• **Work item**:
Can you quote the lines below exactly, starting at the line with "Piano Chord Chart" and going through the last one?

Stored items:
|---|

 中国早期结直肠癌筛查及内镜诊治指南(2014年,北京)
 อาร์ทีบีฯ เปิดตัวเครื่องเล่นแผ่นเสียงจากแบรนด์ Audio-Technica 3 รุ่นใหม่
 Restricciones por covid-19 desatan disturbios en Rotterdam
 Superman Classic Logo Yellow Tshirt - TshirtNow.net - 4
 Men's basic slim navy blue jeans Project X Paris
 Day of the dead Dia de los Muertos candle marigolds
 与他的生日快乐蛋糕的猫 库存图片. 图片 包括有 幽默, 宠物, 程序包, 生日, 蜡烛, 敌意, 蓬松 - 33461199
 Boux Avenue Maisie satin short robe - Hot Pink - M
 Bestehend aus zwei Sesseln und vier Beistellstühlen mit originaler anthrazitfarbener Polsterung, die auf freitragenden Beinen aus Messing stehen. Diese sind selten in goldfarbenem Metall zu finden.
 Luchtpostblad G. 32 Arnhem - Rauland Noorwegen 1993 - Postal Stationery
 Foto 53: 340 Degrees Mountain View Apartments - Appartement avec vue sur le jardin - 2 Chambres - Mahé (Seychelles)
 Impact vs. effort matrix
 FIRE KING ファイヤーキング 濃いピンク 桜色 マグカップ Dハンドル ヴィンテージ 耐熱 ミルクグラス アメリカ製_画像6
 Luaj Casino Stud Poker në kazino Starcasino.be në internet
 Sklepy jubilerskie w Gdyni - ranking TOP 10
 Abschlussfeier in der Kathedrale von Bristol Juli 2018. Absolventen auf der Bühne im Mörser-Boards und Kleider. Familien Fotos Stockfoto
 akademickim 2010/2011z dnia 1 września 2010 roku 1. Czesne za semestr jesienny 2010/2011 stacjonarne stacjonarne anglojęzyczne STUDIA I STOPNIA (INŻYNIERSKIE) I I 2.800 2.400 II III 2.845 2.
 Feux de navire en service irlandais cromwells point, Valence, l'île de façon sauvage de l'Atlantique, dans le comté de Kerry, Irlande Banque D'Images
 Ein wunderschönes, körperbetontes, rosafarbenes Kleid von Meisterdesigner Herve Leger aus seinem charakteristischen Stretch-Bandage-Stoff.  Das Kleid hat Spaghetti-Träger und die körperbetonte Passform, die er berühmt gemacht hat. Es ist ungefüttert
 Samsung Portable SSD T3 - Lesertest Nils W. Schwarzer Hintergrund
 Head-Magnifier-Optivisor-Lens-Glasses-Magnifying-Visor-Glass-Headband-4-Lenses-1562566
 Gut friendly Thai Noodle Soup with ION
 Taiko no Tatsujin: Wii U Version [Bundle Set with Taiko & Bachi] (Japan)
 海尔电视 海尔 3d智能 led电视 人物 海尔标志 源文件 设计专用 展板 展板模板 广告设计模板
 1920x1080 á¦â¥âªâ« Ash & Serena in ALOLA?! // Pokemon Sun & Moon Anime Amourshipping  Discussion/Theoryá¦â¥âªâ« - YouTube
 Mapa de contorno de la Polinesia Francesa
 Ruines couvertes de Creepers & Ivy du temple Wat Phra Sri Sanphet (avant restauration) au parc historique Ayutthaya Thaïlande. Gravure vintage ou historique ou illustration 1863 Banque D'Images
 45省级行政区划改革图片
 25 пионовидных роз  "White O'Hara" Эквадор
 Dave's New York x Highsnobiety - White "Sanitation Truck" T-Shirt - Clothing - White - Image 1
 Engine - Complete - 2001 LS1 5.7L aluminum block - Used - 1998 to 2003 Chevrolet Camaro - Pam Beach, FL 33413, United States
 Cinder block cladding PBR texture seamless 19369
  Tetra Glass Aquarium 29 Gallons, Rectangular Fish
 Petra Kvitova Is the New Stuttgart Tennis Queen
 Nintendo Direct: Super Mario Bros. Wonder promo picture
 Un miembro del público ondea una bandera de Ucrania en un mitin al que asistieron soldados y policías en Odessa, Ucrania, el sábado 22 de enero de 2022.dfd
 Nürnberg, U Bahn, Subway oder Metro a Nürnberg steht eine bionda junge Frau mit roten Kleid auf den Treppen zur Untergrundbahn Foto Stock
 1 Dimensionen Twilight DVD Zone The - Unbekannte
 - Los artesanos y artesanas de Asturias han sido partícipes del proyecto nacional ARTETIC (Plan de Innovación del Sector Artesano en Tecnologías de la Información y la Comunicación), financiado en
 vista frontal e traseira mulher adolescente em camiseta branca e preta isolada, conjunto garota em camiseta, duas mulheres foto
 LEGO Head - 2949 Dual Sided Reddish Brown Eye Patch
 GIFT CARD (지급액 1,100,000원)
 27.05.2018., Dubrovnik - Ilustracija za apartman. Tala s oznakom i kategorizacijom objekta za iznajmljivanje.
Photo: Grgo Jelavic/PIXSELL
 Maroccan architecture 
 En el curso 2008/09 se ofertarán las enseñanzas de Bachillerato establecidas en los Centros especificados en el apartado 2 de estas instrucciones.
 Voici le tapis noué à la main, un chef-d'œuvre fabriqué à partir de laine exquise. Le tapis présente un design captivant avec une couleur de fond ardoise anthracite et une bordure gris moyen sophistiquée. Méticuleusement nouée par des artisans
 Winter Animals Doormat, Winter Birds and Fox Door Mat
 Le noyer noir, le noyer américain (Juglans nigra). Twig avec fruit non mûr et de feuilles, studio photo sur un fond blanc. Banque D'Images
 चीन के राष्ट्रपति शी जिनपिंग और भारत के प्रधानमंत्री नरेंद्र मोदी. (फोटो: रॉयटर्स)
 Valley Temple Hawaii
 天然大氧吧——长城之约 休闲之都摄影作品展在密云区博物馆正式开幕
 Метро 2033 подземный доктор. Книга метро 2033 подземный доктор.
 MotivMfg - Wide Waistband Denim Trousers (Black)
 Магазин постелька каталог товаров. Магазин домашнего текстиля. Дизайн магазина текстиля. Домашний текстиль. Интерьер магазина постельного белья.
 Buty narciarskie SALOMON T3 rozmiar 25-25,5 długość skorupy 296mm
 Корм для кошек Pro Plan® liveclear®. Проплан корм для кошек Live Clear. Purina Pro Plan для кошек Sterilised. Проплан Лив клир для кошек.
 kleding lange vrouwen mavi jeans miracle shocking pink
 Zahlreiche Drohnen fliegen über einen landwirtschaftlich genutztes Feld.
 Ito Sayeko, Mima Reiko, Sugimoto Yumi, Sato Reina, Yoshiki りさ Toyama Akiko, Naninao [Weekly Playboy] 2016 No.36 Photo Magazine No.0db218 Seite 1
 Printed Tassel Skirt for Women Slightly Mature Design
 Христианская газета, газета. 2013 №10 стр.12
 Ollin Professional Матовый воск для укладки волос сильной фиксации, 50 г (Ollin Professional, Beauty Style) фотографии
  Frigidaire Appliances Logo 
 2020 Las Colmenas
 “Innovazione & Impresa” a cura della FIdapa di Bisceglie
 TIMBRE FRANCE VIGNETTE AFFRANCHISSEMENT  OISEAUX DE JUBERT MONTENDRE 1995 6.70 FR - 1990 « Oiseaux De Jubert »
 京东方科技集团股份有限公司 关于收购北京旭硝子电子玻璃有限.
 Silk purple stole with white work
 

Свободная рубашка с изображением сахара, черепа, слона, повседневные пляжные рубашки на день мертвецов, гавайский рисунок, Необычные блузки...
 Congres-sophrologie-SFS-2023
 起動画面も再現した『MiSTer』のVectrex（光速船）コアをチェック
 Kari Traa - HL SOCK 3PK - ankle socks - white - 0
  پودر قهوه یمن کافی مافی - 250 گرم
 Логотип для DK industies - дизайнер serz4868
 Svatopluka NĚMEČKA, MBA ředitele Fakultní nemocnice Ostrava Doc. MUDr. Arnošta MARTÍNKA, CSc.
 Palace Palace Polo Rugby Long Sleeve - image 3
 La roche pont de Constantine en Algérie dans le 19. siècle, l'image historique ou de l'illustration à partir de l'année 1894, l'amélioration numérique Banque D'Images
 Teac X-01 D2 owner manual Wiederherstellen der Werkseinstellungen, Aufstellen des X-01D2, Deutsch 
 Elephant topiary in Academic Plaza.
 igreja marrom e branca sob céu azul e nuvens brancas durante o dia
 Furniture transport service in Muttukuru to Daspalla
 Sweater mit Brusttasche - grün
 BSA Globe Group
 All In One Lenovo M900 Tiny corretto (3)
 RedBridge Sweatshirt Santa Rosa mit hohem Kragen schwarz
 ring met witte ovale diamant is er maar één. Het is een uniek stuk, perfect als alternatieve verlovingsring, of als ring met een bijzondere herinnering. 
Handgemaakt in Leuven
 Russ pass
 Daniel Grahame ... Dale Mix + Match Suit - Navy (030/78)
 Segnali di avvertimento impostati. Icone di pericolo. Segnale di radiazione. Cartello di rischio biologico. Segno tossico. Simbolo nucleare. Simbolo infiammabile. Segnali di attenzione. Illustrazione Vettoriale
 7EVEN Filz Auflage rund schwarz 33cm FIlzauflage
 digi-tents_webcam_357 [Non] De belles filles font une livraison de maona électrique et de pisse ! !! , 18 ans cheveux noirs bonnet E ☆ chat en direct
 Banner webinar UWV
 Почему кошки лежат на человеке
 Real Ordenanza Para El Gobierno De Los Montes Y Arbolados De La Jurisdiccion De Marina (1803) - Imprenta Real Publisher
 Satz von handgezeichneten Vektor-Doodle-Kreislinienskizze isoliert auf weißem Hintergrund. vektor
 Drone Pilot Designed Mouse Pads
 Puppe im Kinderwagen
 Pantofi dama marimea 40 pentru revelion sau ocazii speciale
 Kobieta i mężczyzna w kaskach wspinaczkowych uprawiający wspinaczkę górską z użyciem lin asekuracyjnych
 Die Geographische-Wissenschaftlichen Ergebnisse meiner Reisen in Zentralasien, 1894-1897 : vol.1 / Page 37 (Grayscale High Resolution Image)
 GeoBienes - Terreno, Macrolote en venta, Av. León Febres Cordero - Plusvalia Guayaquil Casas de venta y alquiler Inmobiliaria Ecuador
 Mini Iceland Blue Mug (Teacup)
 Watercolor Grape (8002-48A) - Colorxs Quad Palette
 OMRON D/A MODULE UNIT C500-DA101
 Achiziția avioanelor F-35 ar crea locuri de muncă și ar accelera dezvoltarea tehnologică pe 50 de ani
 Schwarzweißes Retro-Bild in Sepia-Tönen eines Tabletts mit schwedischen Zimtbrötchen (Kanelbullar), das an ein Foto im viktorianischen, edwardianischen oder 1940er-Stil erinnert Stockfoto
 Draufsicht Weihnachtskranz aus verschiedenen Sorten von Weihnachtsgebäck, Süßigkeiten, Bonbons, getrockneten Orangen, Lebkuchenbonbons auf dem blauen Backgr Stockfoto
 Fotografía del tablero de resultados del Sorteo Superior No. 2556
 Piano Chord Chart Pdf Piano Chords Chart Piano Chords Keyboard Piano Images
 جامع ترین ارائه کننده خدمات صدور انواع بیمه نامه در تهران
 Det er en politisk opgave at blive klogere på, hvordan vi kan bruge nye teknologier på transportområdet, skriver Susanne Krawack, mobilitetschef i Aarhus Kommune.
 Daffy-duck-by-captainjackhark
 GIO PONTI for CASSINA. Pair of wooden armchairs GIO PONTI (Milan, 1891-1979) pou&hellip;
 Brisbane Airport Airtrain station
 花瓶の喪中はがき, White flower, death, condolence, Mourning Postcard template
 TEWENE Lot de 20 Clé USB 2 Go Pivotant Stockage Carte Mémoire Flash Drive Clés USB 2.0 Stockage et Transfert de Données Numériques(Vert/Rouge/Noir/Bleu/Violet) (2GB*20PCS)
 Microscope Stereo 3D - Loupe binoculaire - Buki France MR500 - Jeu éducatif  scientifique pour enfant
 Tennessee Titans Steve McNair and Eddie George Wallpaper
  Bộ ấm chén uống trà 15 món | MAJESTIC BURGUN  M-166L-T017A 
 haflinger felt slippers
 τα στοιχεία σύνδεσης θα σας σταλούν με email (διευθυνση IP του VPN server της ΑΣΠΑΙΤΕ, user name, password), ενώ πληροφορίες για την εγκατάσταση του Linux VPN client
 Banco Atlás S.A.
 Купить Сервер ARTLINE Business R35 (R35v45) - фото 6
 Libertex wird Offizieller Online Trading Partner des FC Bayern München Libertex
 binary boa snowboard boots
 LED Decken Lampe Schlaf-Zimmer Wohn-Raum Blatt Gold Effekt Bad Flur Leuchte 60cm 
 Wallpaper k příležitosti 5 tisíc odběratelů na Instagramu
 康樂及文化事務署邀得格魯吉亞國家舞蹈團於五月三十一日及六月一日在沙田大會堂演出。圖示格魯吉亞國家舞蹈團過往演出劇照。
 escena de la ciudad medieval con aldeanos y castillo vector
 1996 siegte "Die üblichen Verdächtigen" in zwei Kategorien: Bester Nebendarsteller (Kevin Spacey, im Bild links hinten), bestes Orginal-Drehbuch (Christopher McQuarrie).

|---|

• **Answer for this exercise**:
 Piano Chord Chart Pdf Piano Chords Chart Piano Chords Keyboard Piano Images
 جامع ترین ارائه کننده خدمات صدور انواع بیمه نامه در تهران
 Det er en politisk opgave at blive klogere på, hvordan vi kan bruge nye teknologier på transportområdet, skriver Susanne Krawack, mobilitetschef i Aarhus Kommune.
 Daffy-duck-by-captainjackhark
 GIO PONTI for CASSINA. Pair of wooden armchairs GIO PONTI (Milan, 1891-1979) pou&hellip;
 Brisbane Airport Airtrain station
 花瓶の喪中はがき, White flower, death, condolence, Mourning Postcard template
 TEWENE Lot de 20 Clé USB 2 Go Pivotant Stockage Carte Mémoire Flash Drive Clés USB 2.0 Stockage et Transfert de Données Numériques(Vert/Rouge/Noir/Bleu/Violet) (2GB*20PCS)
 Microscope Stereo 3D - Loupe binoculaire - Buki France MR500 - Jeu éducatif  scientifique pour enfant
 Tennessee Titans Steve McNair and Eddie George Wallpaper
  Bộ ấm chén uống trà 15 món | MAJESTIC BURGUN  M-166L-T017A 
 haflinger felt slippers
 τα στοιχεία σύνδεσης θα σας σταλούν με email (διευθυνση IP του VPN server της ΑΣΠΑΙΤΕ, user name, password), ενώ πληροφορίες για την εγκατάσταση του Linux VPN client
 Banco Atlás S.A.
 Купить Сервер ARTLINE Business R35 (R35v45) - фото 6
 Libertex wird Offizieller Online Trading Partner des FC Bayern München Libertex
 binary boa snowboard boots
 LED Decken Lampe Schlaf-Zimmer Wohn-Raum Blatt Gold Effekt Bad Flur Leuchte 60cm 
 Wallpaper k příležitosti 5 tisíc odběratelů na Instagramu
 康樂及文化事務署邀得格魯吉亞國家舞蹈團於五月三十一日及六月一日在沙田大會堂演出。圖示格魯吉亞國家舞蹈團過往演出劇照。
 escena de la ciudad medieval con aldeanos y castillo vector
 1996 siegte "Die üblichen Verdächtigen" in zwei Kategorien: Bester Nebendarsteller (Kevin Spacey, im Bild links hinten), bestes Orginal-Drehbuch (Christopher McQuarrie).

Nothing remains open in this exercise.